Answer Number which is divisible by 5 and 12 both will be always divisible by the factors of 5 and 12.
Explanation
The factors of 5 = 1 and 5 (5 is a prime number)
The factors of 12 = 1, 2, 3, 4, 6, and 12
Since, there is no common factor other than 1 between 5 and 12, thus 5 and 12 are co-prime.

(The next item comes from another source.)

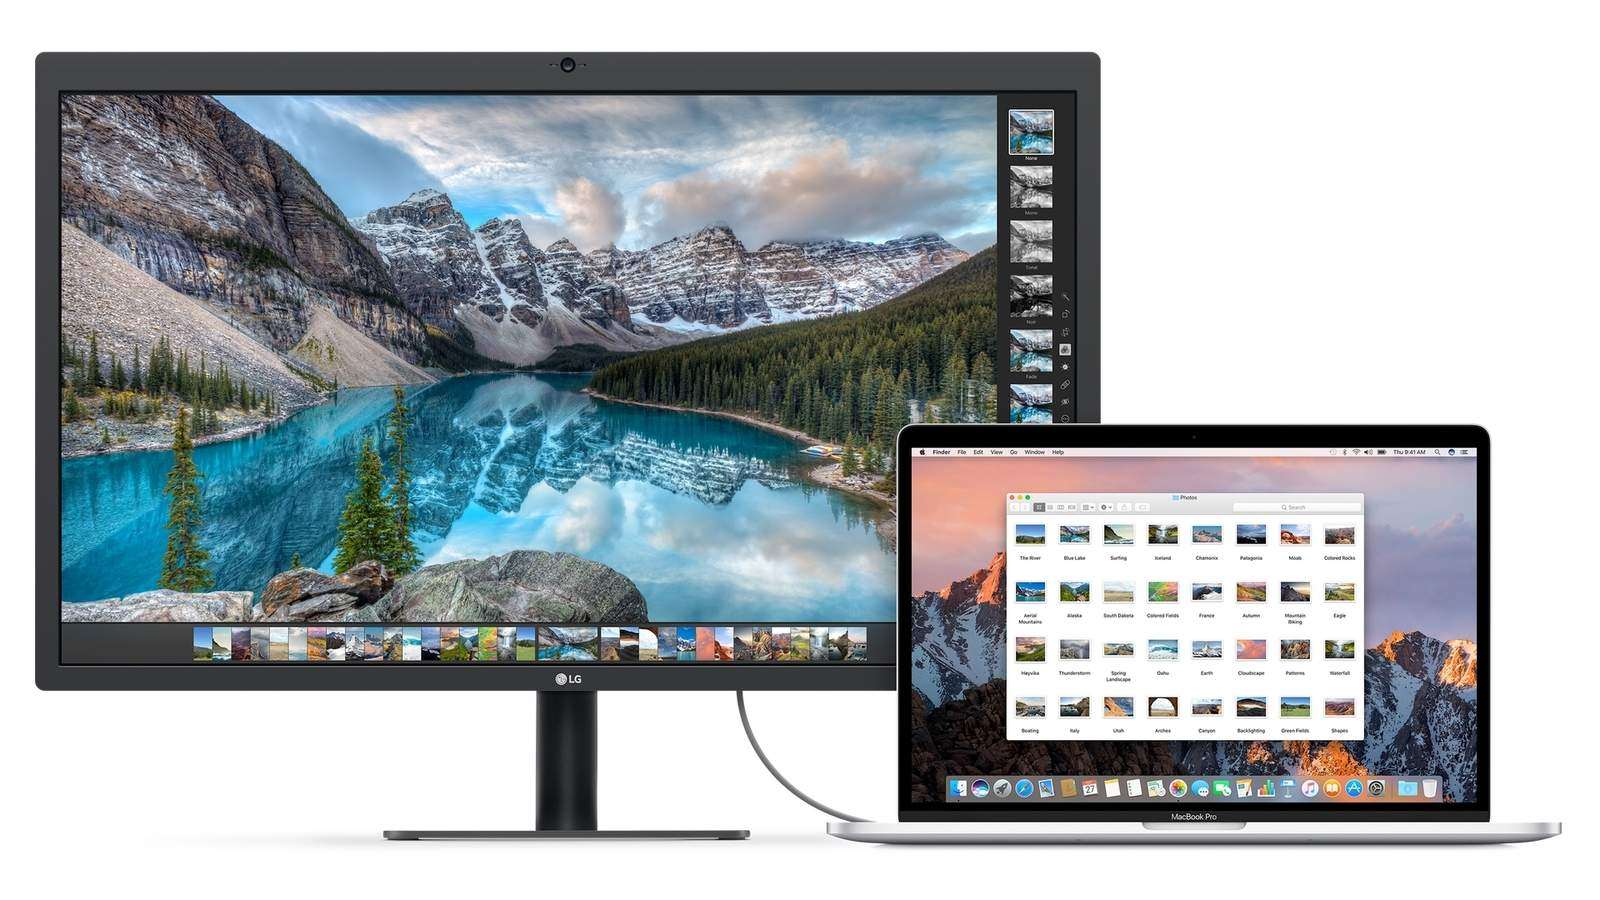 LG 承認 UltraFine 5K 螢幕出現問題,提供解決方案

Thus, smallest number which is divisible by both 5 and 12 = 5 × 12 = 60
Now, since 12 is one of the multiple of 60, thus 60 is divisible by 1, 2, 3, 4, and 6 other than 5 and 12
Question (7) A number is divisible by 12. By what other numbers will that number be divisible?
Answer Number which is divisible by 12 will be divisible by all factors of 12 also.
The factors of 12 = 1, 2, 3, 4, 6, and 12
Thus, the number which is divisible by 12 will be divisible by 1, 2, 3, 4, and 6 also.